一种更好的方法是直接从Google Sheets API中获取数字,将其存储并提供给stats.kstest
.
A better way would be getting the numbers straight from Google Sheets API, store them and feed to stats.kstest
.
您可以使用 str.split 拆分字符串然后隐蔽它浮动.
You can split the string using str.split then covert the it to float.
>>> s = '2020-09-15 00:05:43,chemsense,co,concentration,-0.75889,'
>>> s.split(',')
['2020-09-15 00:05:43', 'chemsense', 'co', 'concentration', '-0.75889', '']

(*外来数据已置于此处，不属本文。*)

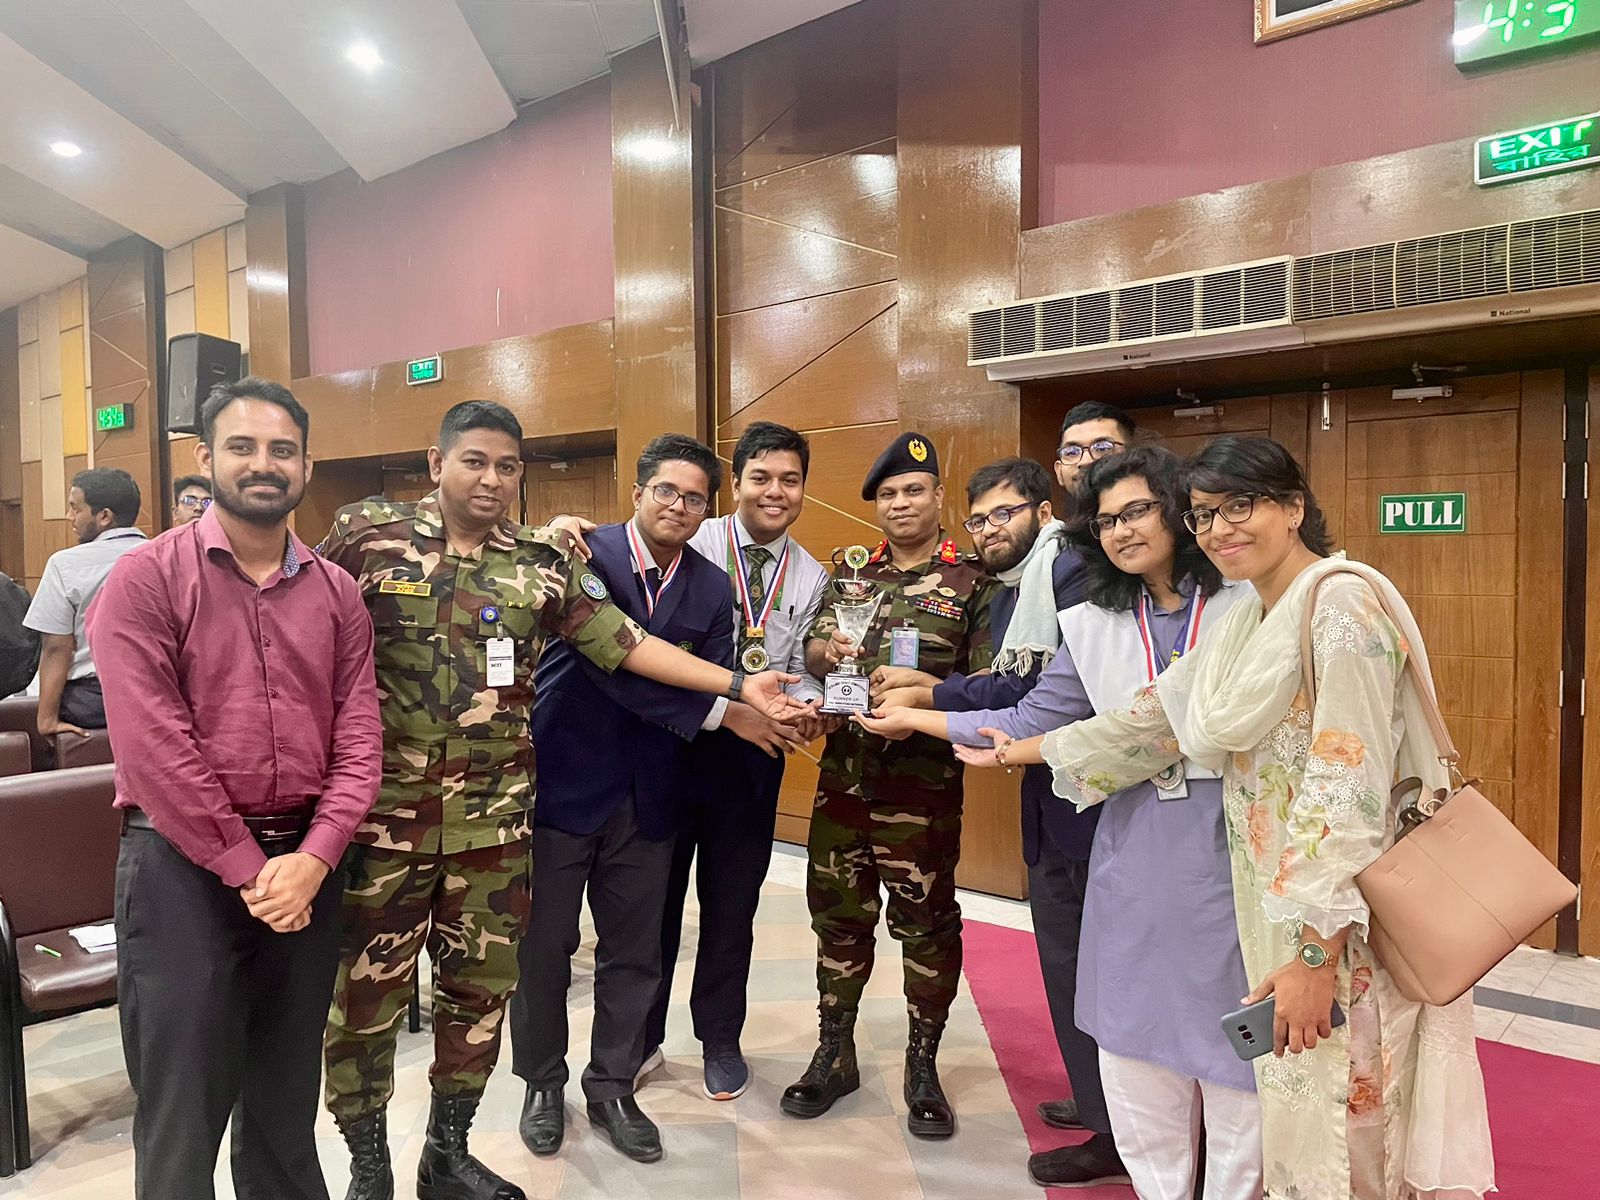 ME Dept 1st Runners-Up in Intra MIST Debate Competition 2022
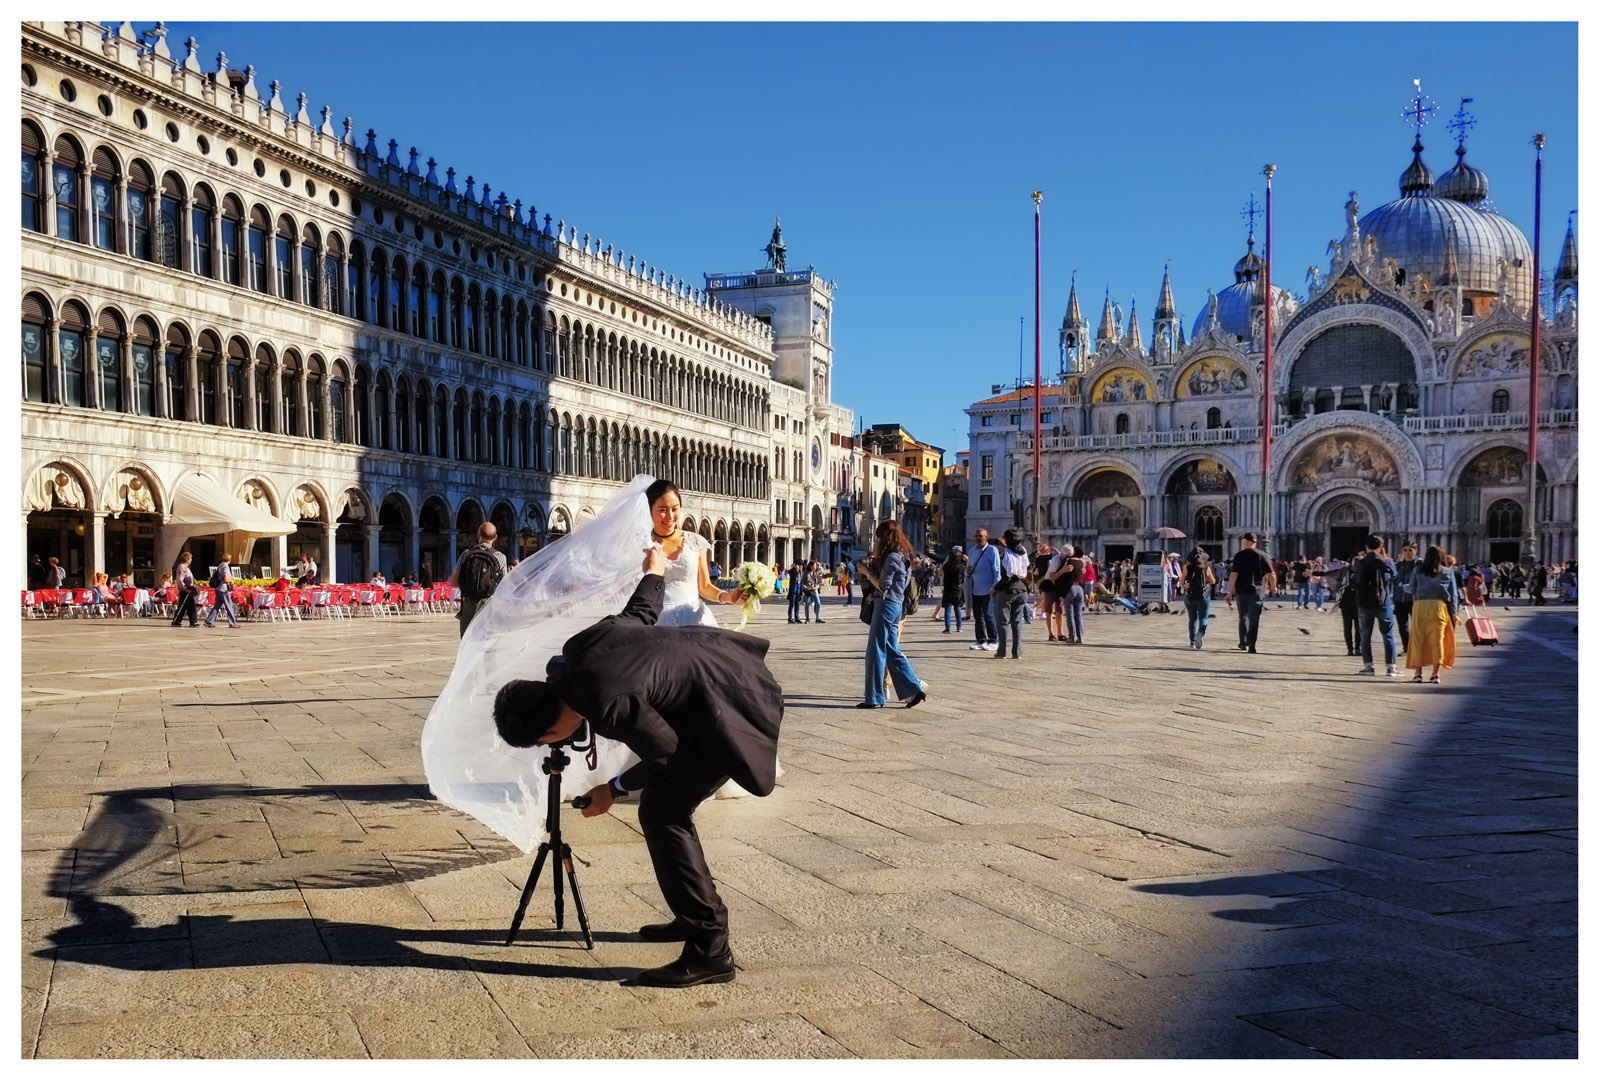 A DIY bride and groom photoshoot in Piazza San Marco with the Basilica San Marco in the backround. Street style travel photography by Kent Johnson.

>>> s.split(',')[4] # get the number (5th item in the list)
'-0.75889'
>>> float(s.split(',')[4]) # convert to float type
-0.75889
>>> round(float(s.split(',')[4]), 2) # round to 2 decimal place
-0.76
from scipy import stats
# Assuming strings coming back from API are in a list
str = [
'2020-09-15 00:05:13,chemsense,co,concentration,-0.51058,',
'2020-09-15 00:05:43,chemsense,co,concentration,-0.75889,',
'2020-09-15 00:06:09,chemsense,co,concentration,-1.23385,',
'2020-09-15 00:06:33,chemsense,co,concentration,-1.23191,',
'2020-09-15 00:06:58,chemsense,co,concentration,-0.94495,',
'2020-09-15 00:07:23,chemsense,co,concentration,-1.16024,'
]
x = []
for s in str:
x.append(float(s.split(',')[4]))
stats.kstest(x, 'norm')
这篇关于Python Google表格API的文章就介绍到这了,希望我们推荐的答案对大家有所帮助,也希望大家多多支持IT屋!